To gather some actual performance metrics on each of these three approaches to writing SQL in a native SQL stored procedure in DB2, I wrote three nearly identical stored procedures and ran them against a test database in our environment to get some performance benchmarks. That particular database had 2,961 unique values of a particular search column in a "master" table, and my programs accessed all 2,961 of them using an SQL statement from one of our business applications. The only difference in the three SP's were the manner in which the SQL statement in question was written: static, versus dynamic with parameter markers versus dynamic with literals. Here are the results:
Static SQL
Total elapsed time: 3.224109 seconds
User CPU time: 0.109829 seconds
System CPU time: 0.055669 seconds
Dynamic SQL with Parameter Markers
Total elapsed time: 3.554240 seconds
User CPU time: 0.130988 seconds
System CPU time: 0.058271 seconds
Dynamic SQL with Literals
Total elapsed time: 72.297577 seconds
User CPU time: 12.478055 seconds
System CPU time: 1.642622 seconds
As we can see from the above numbers, dynamic SQL with parameter markers can achieve performance that approaches (but will not meet or exceed) static SQL, while dynamic SQL coded with literals will perform significantly worse than either of the other two options.
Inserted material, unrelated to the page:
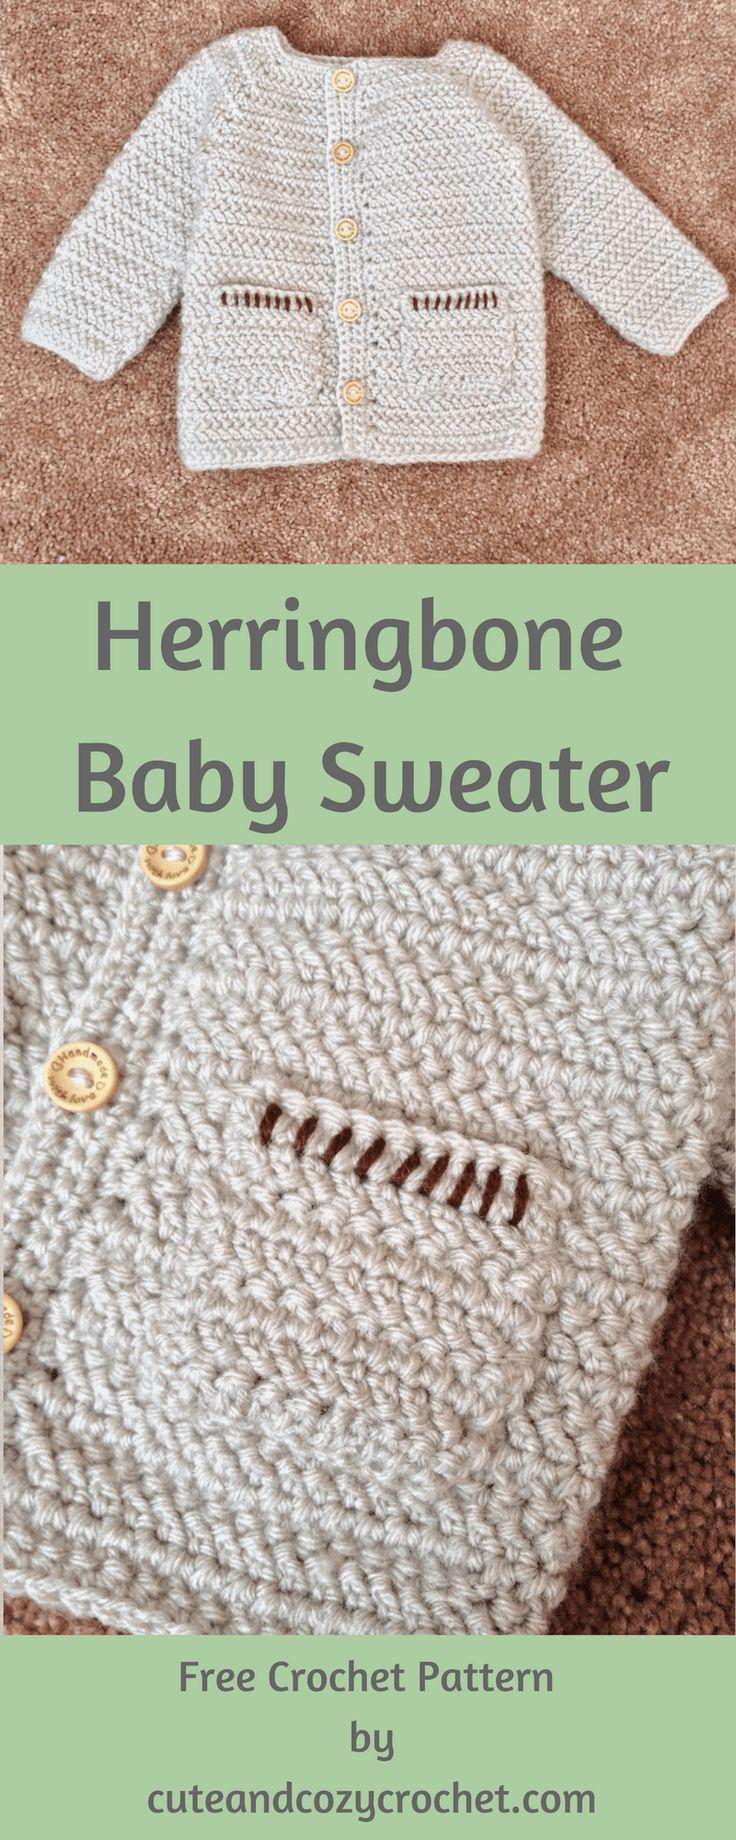 Herringbone Baby Sweater   Free Crochet Pattern   Baby Sweater   Double Crochet   Herringbone Double Crochet   Baby Pockets   Wooden Buttons   Baby Shower   Baby Gift   Crochet

It is important to note that dynamic with parameter markers still performs slightly worse than static SQL. This is because of the overhead incurred by the necessary PREPARE statements for dynamic SQL. The slight overhead of doing short prepares with dynamic SQL using parameter markers is still an expense that static SQL does not incur, and has a cumulative impact on performance over many executions. Plus, in a "real life" environment in which you have multiple stored procedures each executing multiple SQL statements, if the number of "unique" dynamic statements (with parameter markers) exceeds the capacity of the dynamic SQL cache, statements can and will get discarded from the cache and the reuse of the statements in the cache can degrade over time as the workload grows.
The drastic difference in performance for the dynamic SQL with literals test over the other two tests can be attributed to the cost of doing full prepares for every single statement during the execution of the SP.